Chimps have never been known to flake rocks intentionally to fashion tools, but Mercader believes that way back during a “chimpanzee Stone Age,” they did crack nuts with the stones found close to the Noulo site. The cavity-pocked, cantaloupe-size rocks look similar to the modern stones Mercader found earlier in the Taï forest. Weighing between 8 and 15 pounds, the tools were too cumbersome for hominids, whose early hammer stones usually weigh less than a pound.
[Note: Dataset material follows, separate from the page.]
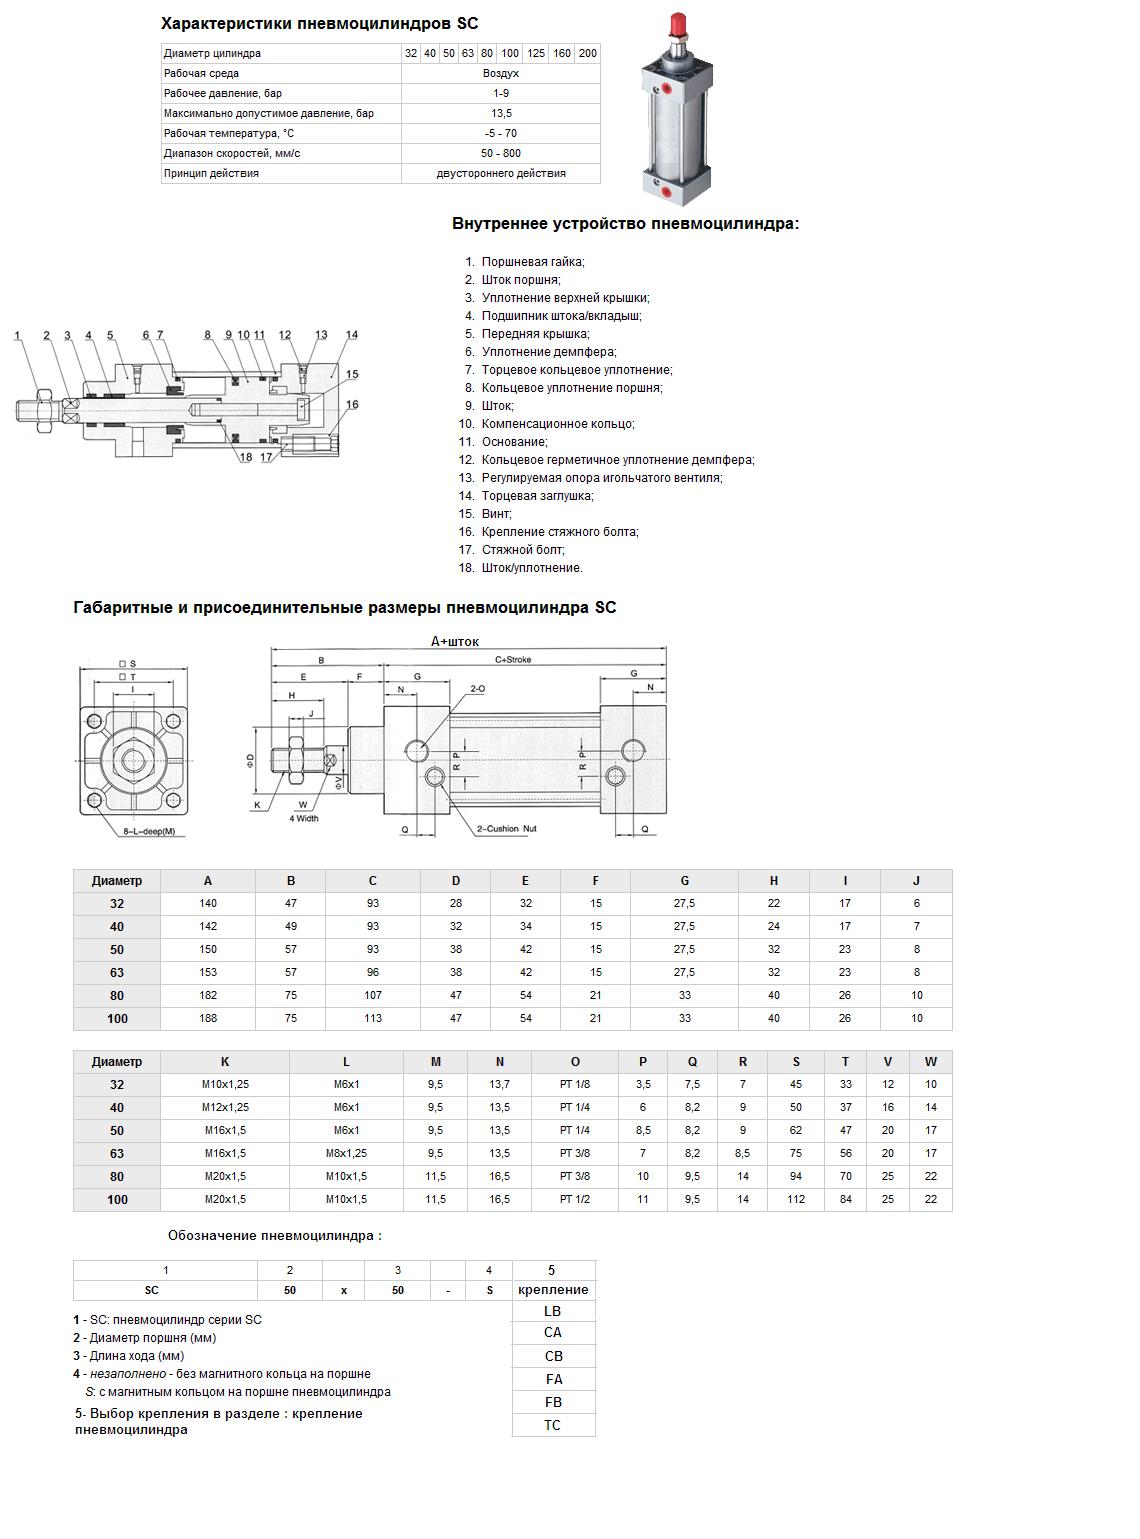 Пневмоцилиндр SC

THE MEANING “This is an important paper because it provides evidence for the minimum age of the chimpanzee behavior of cracking nuts with stone tools,” says Stanley Ambrose, an anthropologist at the University of Illinois at Urbana-Champaign. At 4 millennia old, the hammers predate human farming in the region, but the presence of putative flaked stones suggests that chimps and human hunter-gatherers may have come into contact with one another. Still, Mercader does not believe that chimps learned their hammering habit from humans. “We know that other primates—for example, capuchin monkeys from Brazil, which are totally unrelated to great apes in the Old World—also use bashing technologies,” he says. “Even in Africa, you have different chimpanzee collectives living at different places at different times coming up with the technology independently.”

Mercader favors the idea that both chimps and humans inherited the art of nut cracking from a common ancestor who lived 7 million years ago—a notion that Ambrose disputes. “If the specific behavior of nut cracking with stone tools is posited for our last common ancestor, then one would expect a series of stone-tool sites that resemble those made by chimpanzees to be found in sediments dating to between 2.6 million and 5 million years ago,” Ambrose says. “The archaeological record of the earliest stone tools does not support a nut-cracking stage in the development of the earliest technology . . . in most sites the pounding tools used by chimpanzees are very rare.”